Ron was staring at me, and then at Silva, not sure if he was allowed to be pleased.

“A baby?” he said. “A baby, well. Well, then. Does that mean…” He hesitated and turned to me. “Does that mean, as long as… I mean, you might… I mean, will you be staying here?”

“Yes,” I said. “I’ll be staying here.”

I did not know if at that moment I was making the decision or just announcing it.

“And the… the baby’s…”

“The father?” What could I say? “The father. He’s a man who never… He’s like your ex-wife. Never wanted kids and proud of it. It’s over, and he won’t be bothering us. Ever.”
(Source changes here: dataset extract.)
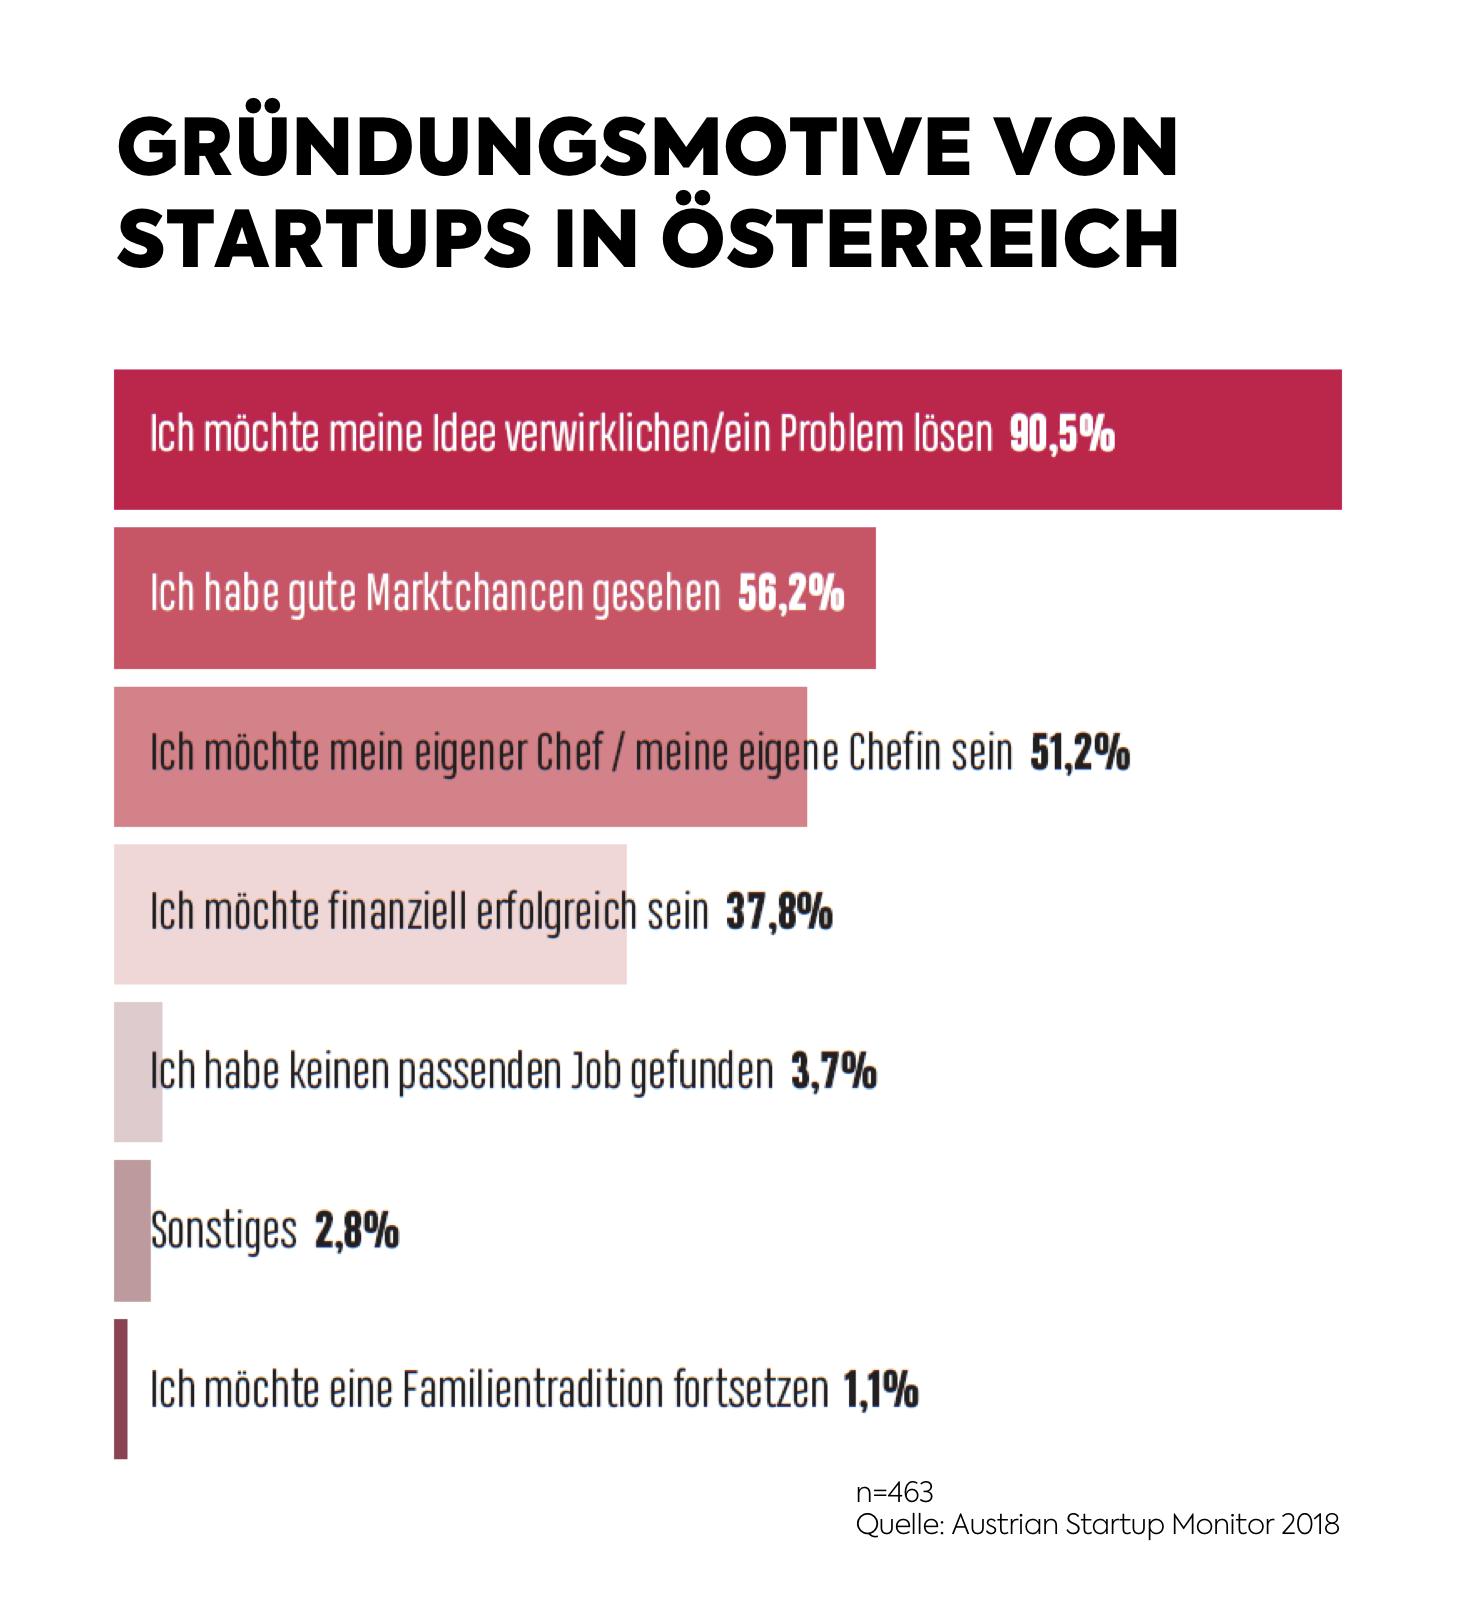 1. Austrian Startup Monitor - Motive
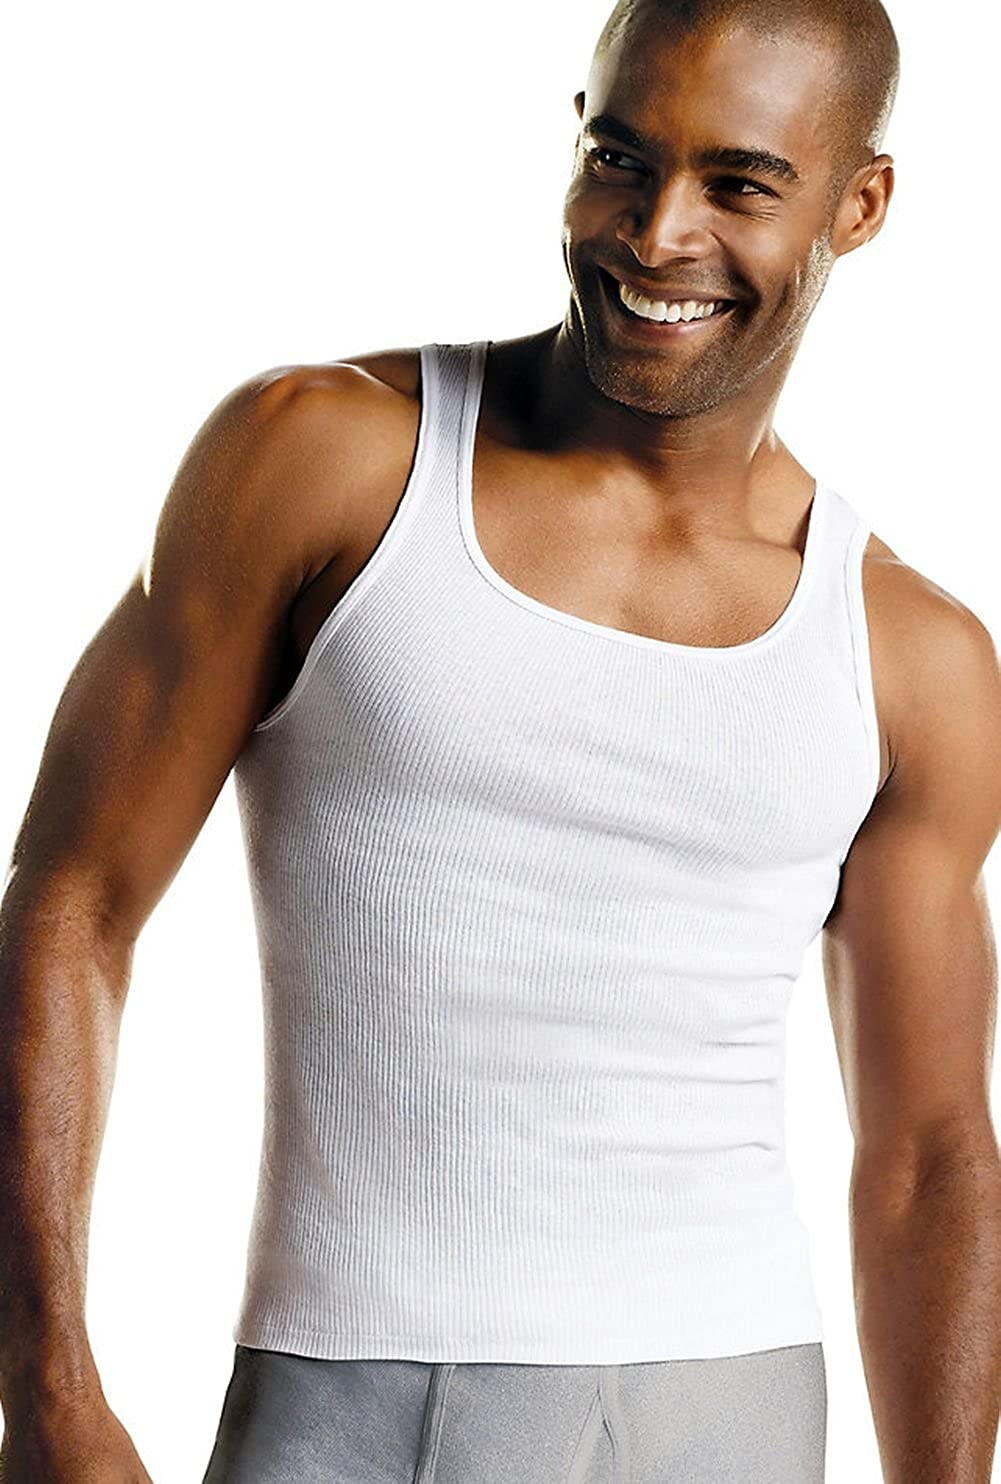 Hanes Men/'s TAGLESS ComfortSoft A-Shirt 7-Pack Includes 1 Free Bonus A-Shirt

At last Ron’s face showed relief. “Right,” he said, standing up. He was smiling carefully, softly. “Right, so that’s the case. Well, there’s plenty I should be doing.”

He went outside, and soon I heard the regular chop of the ax on a fallen log he’d dragged down from the woods. Silva and I sat on for a little while until she announced she was going off along the shore. She did that more and more, disappearing downriver for long spells, needing privacy. When I asked her once where she went, she replied cagily there was a place she liked to sit. I ate everything that was left on the table, and then I washed up.